Monday, May 01, 2006

Venture Philanthropy (paca)

So I wrote something about my own weight loss and below this, if people are interested in such fare. On a different topic:

I was browsing the Amazon listings for Jane Jacobs' books, spurred to think about her due to her recent passing. The main book I remember is Systems of Survival and one of the reviews has the best synopsis of the premise. I have put an excerpt here:

"This is a most insightful book, in which the author convincingly expounds her thesis that the world uses two systems of ethics as systems for the survival of mankind: the commercial system, and the guardian system.

The commercial class lives by production and exchange, primarily by means of honest, binding contracts and voluntary agreements, and where initiative, inventiveness and efficiency are prized, along with industriousness, thrift and investment.

The guardian class is prevalent in governments, benevolent trusts, charity organizations, universities and schools, military and police. They shun trading and exchange, and live by taking, in the form of taxes and donations, and sometimes expropriation. They are dispensers of the good things, in the form of grants and largesse. Guardians issue commands and expect them obeyed, with courage if necessary, which they in turn are subject to themselves, for a hierarchical command structure is honored. And they use force and deception where necessary to accomplish objectives.

The greatest sin, and the cause of all corruption, according to Ms. Jacobs, is when the two systems are merged in one organization. I have read several books on ethics, but this is the first that points out that there are two systems in operation in society. And it explains so much that has been a puzzle for me."

This got me thinking back to 2002-2003, when I was the President of this local community theater in Spring Hill (it was tiny, don't be impressed. It means that I showed up a lot.) I wasn't a great president. I was mediocre but decent until the day little B was born. Then I pretty much never showed up again.

One of the ongoing concerns for the Arts Center was the location. We could never afford rent for the most part and spent our time in the old school woodshop that was loaned to us. It was basically abandoned. We kept trying to raise money to get some sort of home. One possibility that was presented was to buy the Old School itelf. It was a run down place but fairly large. The key was that to make it work, we would have had to rent out rooms to businesses, maybe have some apartments in it. Basically, it would have been a non-profit theater company that was also a business.

I could never decide if this was a good idea or not. I really like the self-sufficiency of it. I did some reading and discovered the concept of Venture Philanthropy.
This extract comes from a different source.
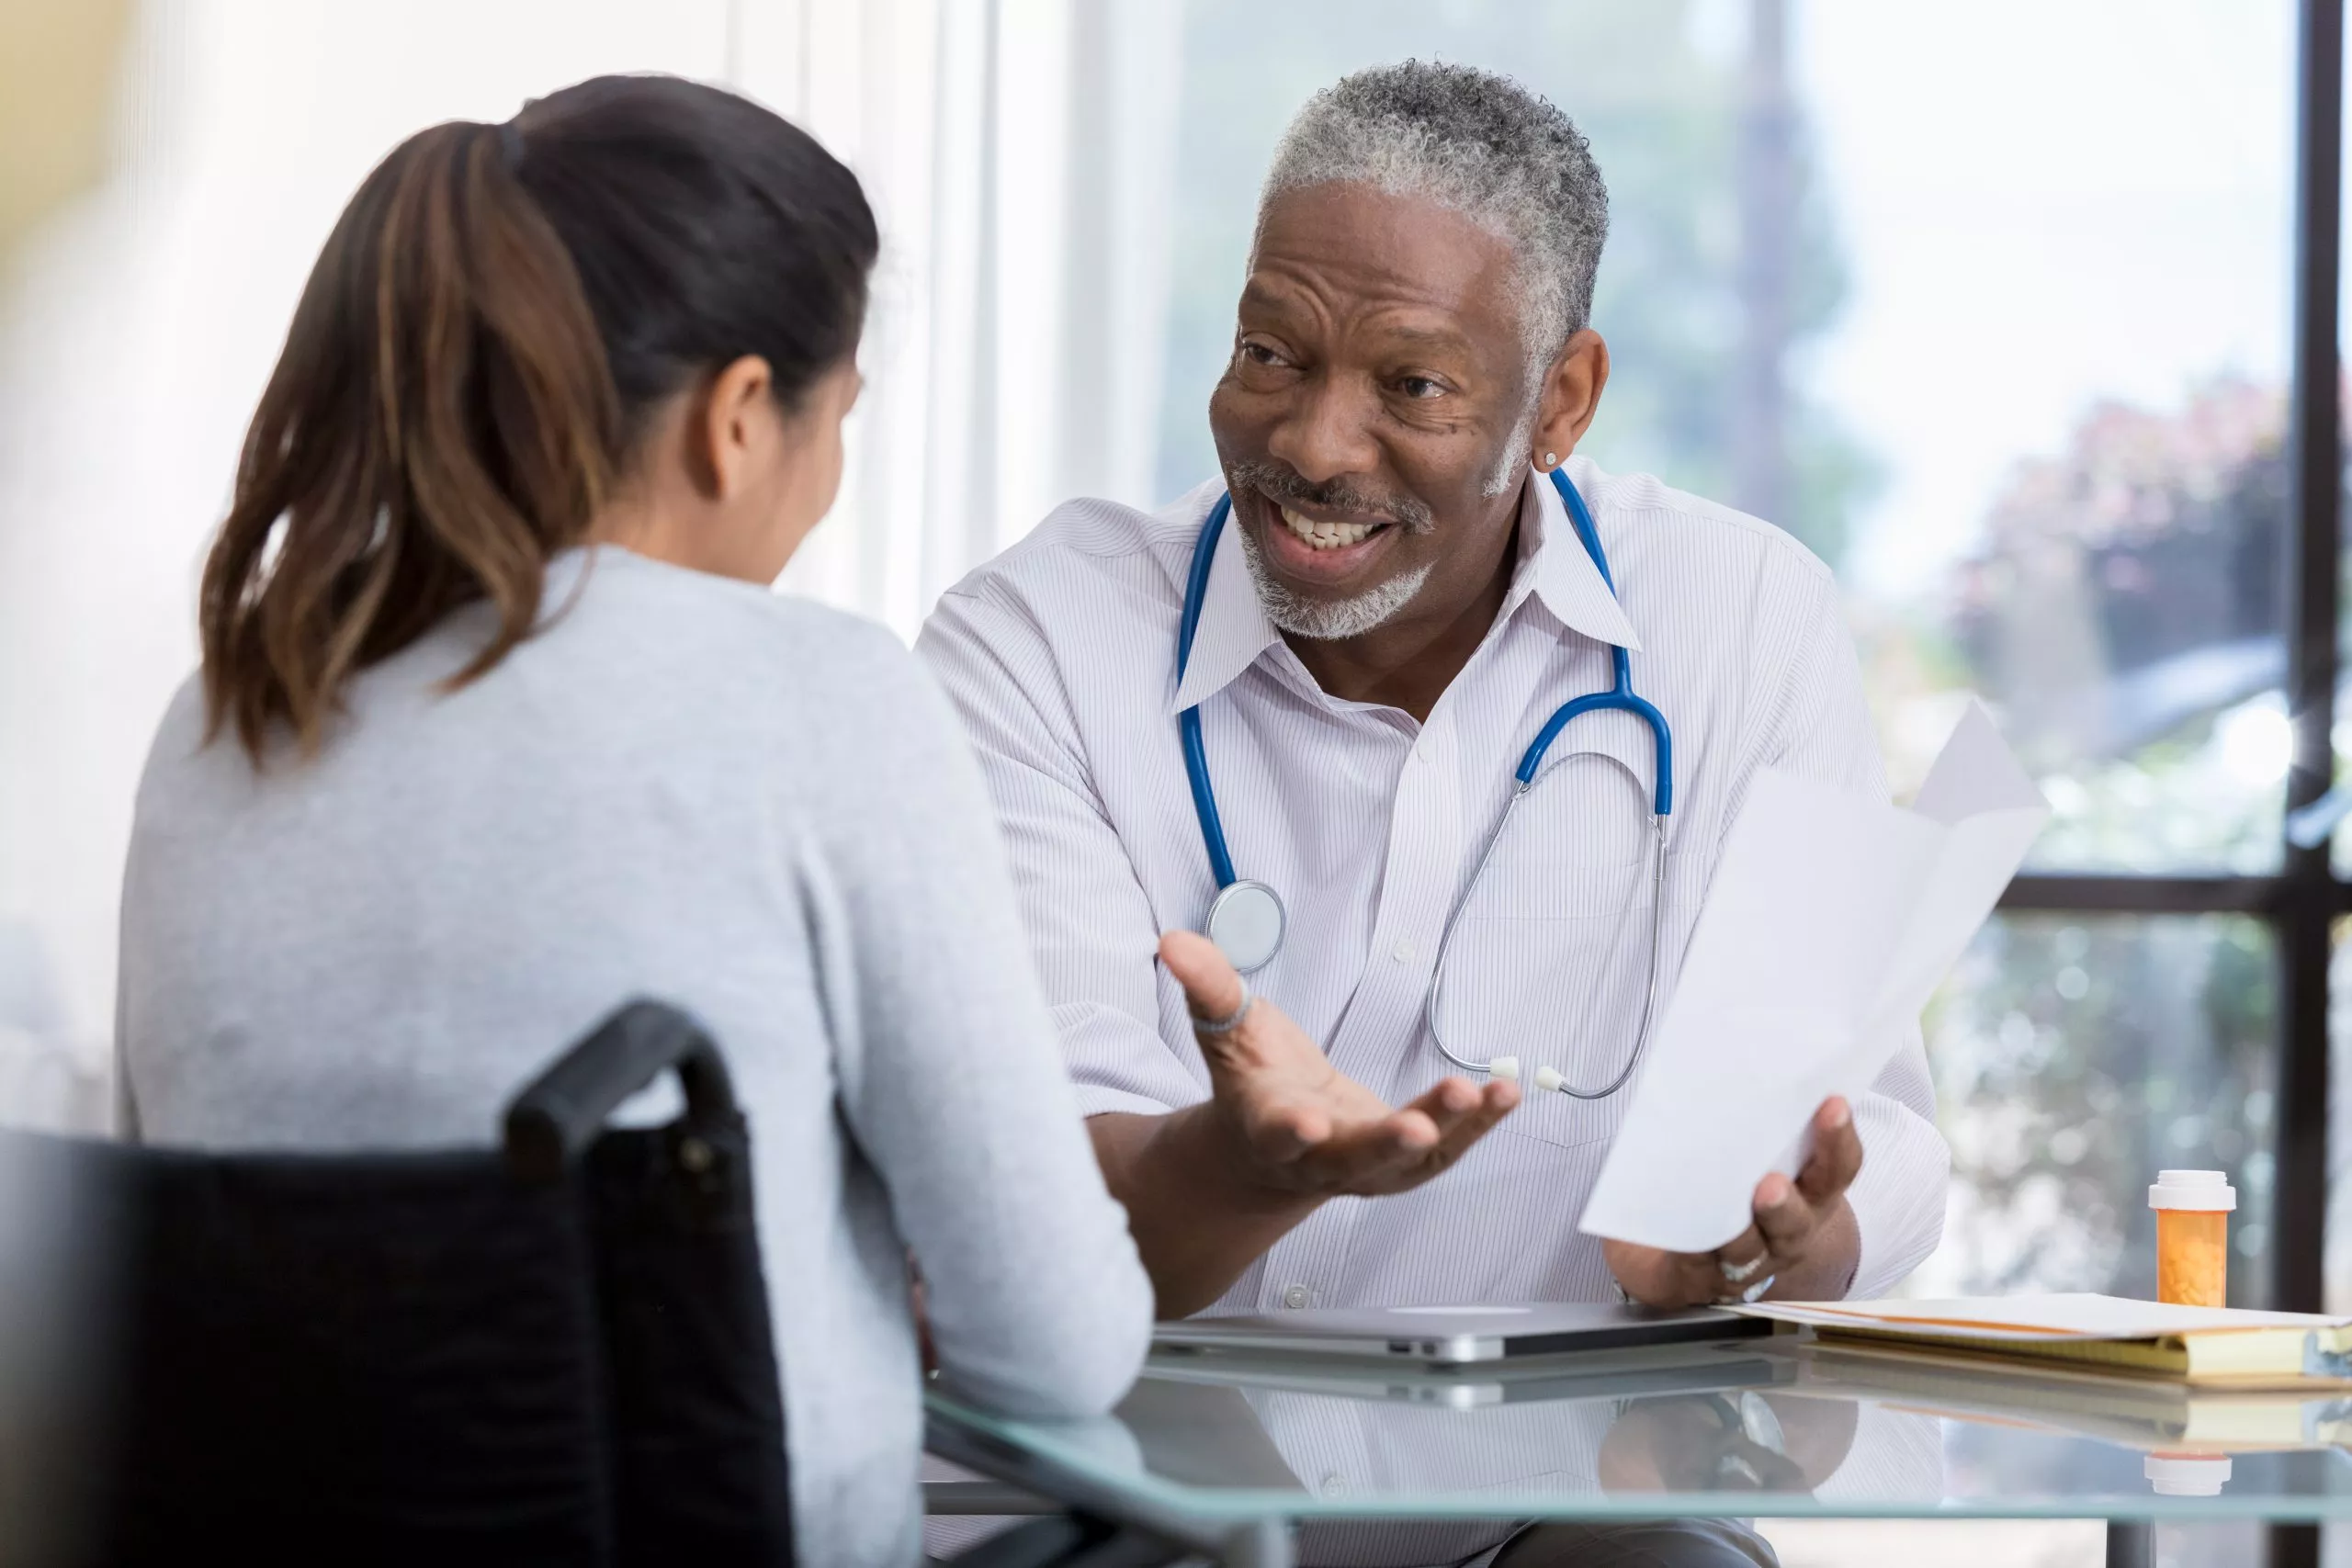 Senior doctor talks with female patient

Here are some links:

Venture Philanhropy Partners
Center for Venture Philanthropy
Kirsch Foundation
An article about philanthropy in the arts

The basic gist of venture philanthropy is that the donors are heavily active in the organizations they sponsor, and not in the sense that they serve mashed potatos behind the counter. They act like Silicon Valley venture capitalists, helping establish the growth patterns, the business plan, the marketing, etc. for the non-profit. They also continuously measure the success of the organization. Is it actually accomplishing something? And it has to be something you can measure in some way. In a nutshell, you run a philanthropy like a business.
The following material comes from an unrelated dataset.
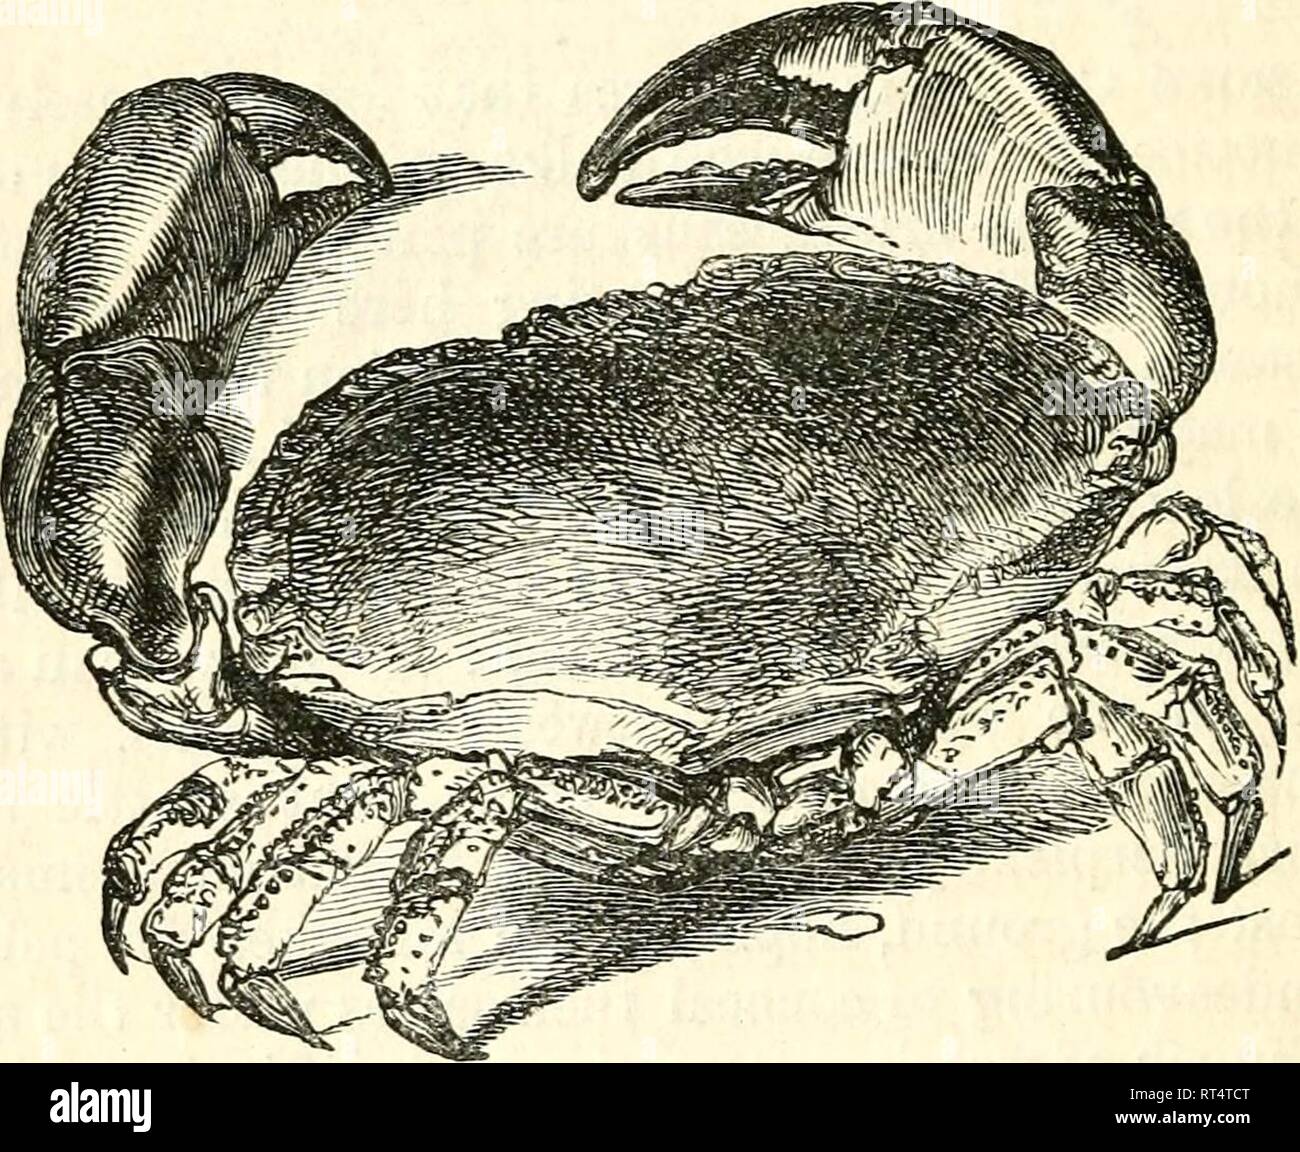 Illustration of a crab Stock Photo

I am very sympathetic to the idea. Particularly in the sense that you have objectives you try to meet and you have long range plans to meet those objectives. I like the idea of throwing everything and the kitchen sink at a problem for a short time, solving it so that the affected people don't need your help anymore, and then getting out. But, at the same time, if Jacobs, above, is right, this seems to be a classic blending of the commercial and guardian systems, which should be doomed for failure. Any thoughts?